An association of racehorse owners in Nakhon Ratchasima province has taken a clear stance against an order by the Department of Livestock Development that they get their horses vaccinated against African horse sickness (AHS).

AHS is a highly infectious and deadly disease caused by the African horse sickness virus. Since March, over 500 horses in Thailand have died due to the illness.

On Wednesday, Sunthon Suwannachat, the acting president of the association, said members were holding out against the order because the department could not clearly answer owners' questions about whether the vaccine works in preventing AHS and whether it might inadvertently kill their horses.

"We've seen horses in Pak Chong district die after vaccination … many horses have died," he said.

Those who had rushed to get their horses vaccinated are now left with no other choice but to follow whatever the livestock development authorities instruct, he added.

"Because our horses have remained healthy, we believe we can prevent them from catching the disease.

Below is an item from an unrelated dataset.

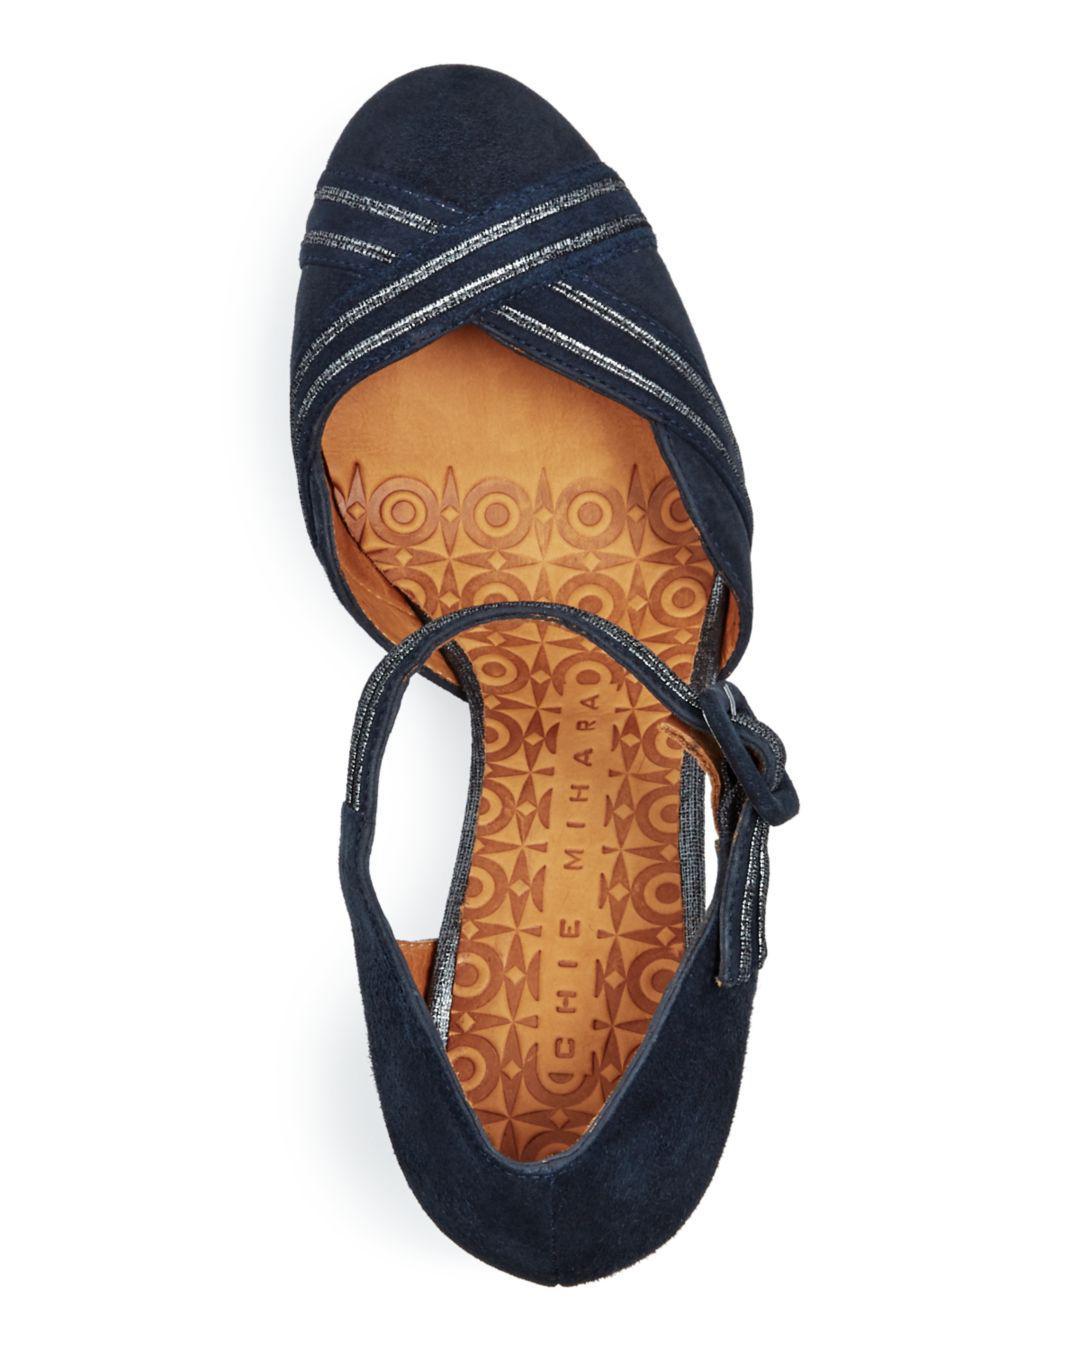 9f703d7415a Chie Mihara - Gray Women s Kilo Suede Block-heel Pumps - Lyst. View  fullscreen
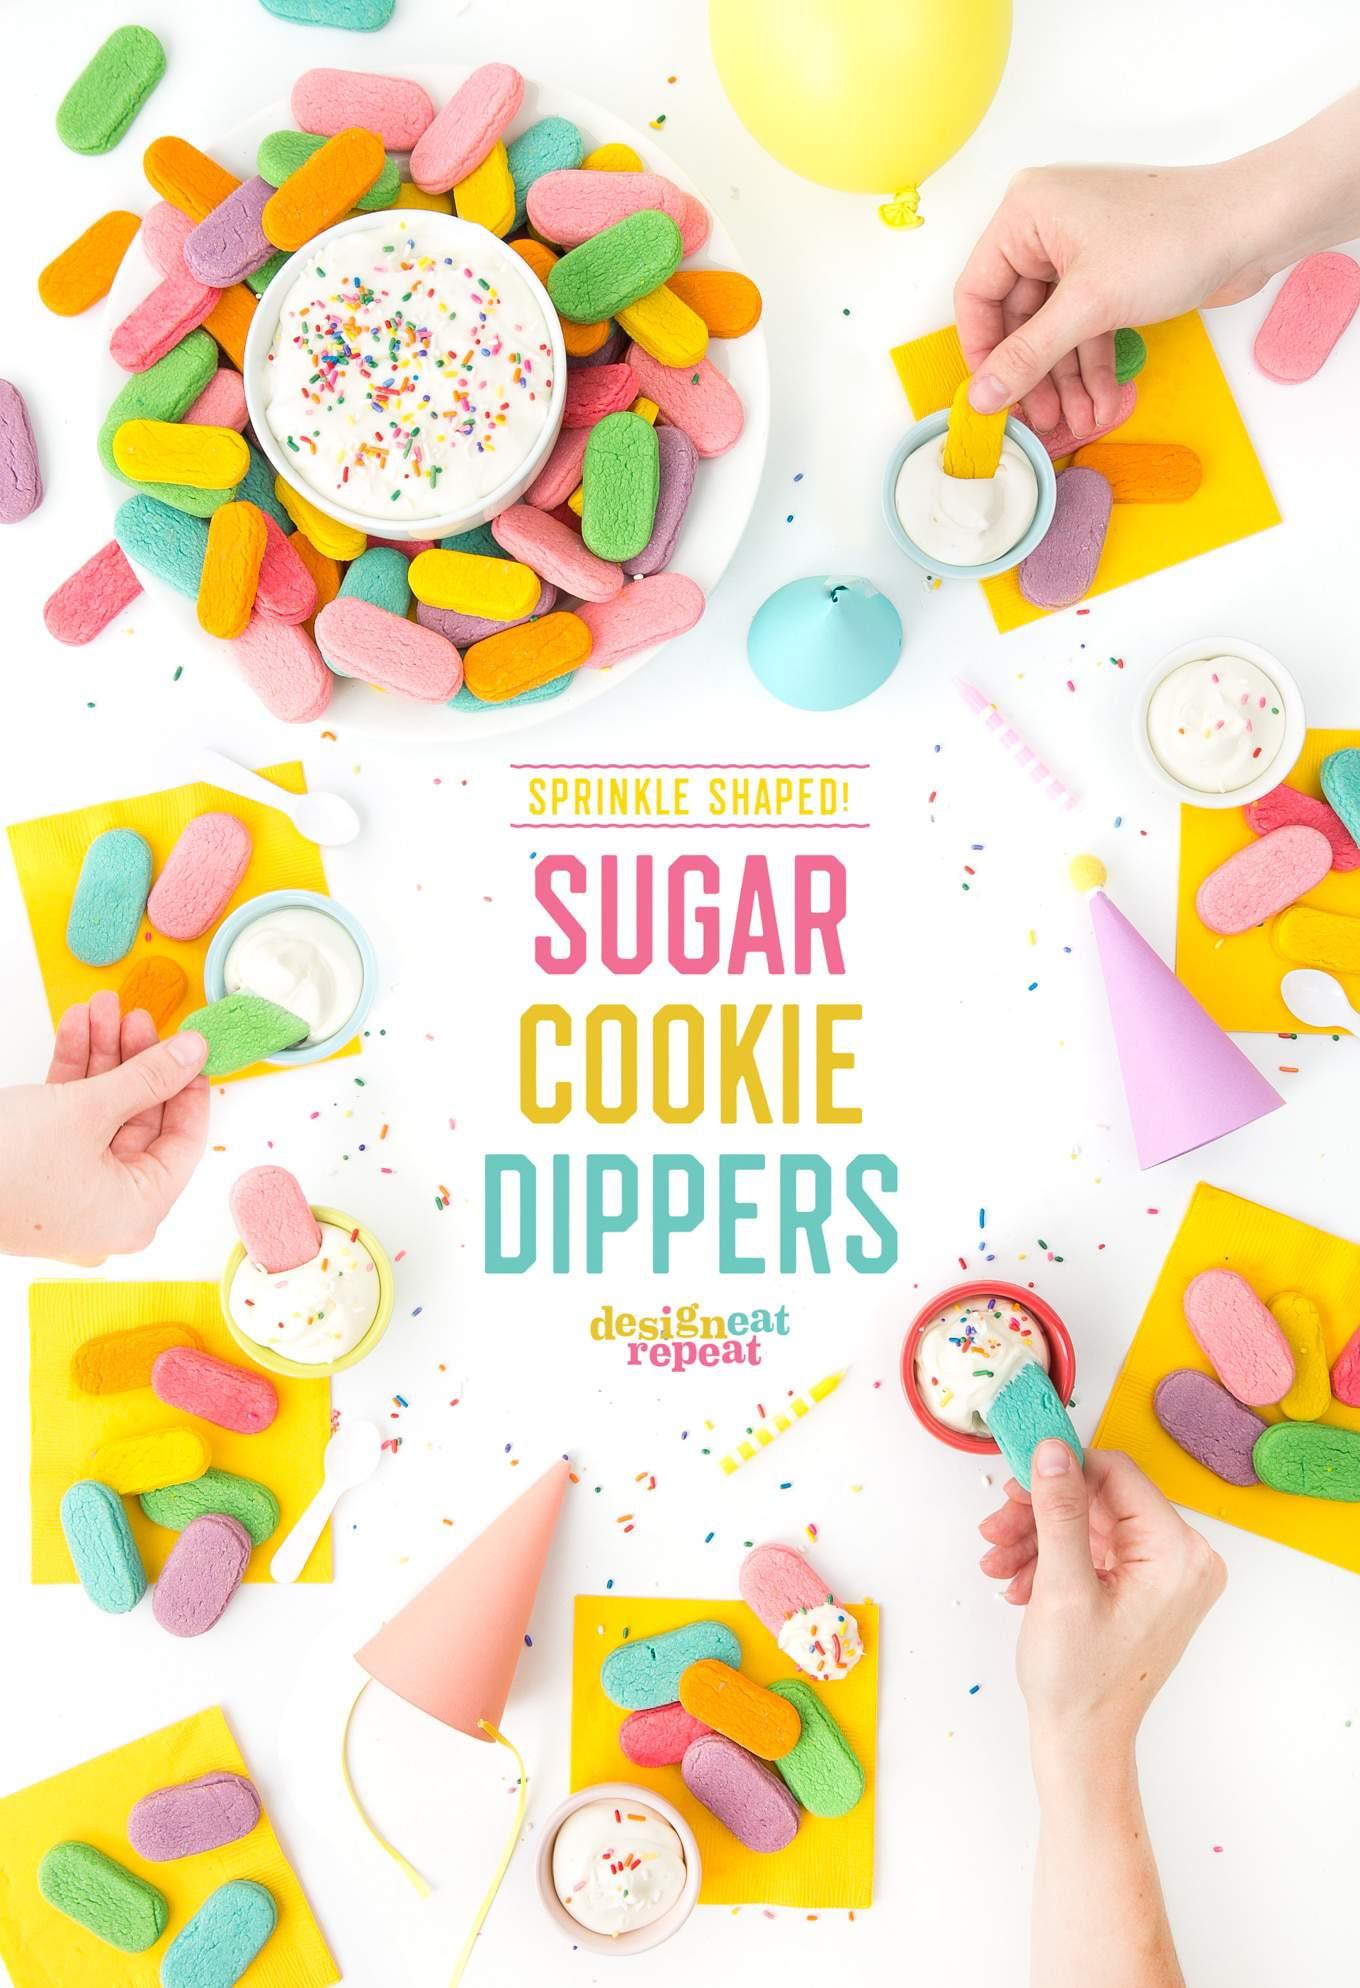 OMG. Sugar cookies shaped like SPRINKLES! Make these sugar cookie dippers as the perfect birthday party treat!   www.DesignEatRepeat.com   #sprinkles #sugarcookie

So we won't get them vaccinated."

Mr Sunthon said he had discussed the issue with other racehorse owner associations in provinces such as Khon Kaen, Udon Thani and Chiang Mai and all supported his association's stance.

He also urged Prime Minister Prayut Chan-o-cha to tackle the problem at its root cause -- by bringing those who triggered this outbreak to justice.

The government should figure out where the outbreak surfaced by investigating who was importing infected zebras into the country and how infected animals could get through the animal health screening process.

The Department of National Parks, Wildlife and Plant Conservation said an epidemiological investigation into the cause of the AHS outbreak was underway. There was insufficient evidence to conclude imported zebras were possible carriers of the disease, said the department.

Nonetheless, imports of giraffes and zebras have been prohibited, while AHS containment measures are being implemented in affected areas.

The department's office in Nakhon Ratchasima is surveying the population of horses affected by the outbreak and collecting farm specimens for testing. Any movement of giraffes, horses, donkeys and mules in Nakhon Ratchasima are strictly prohibited.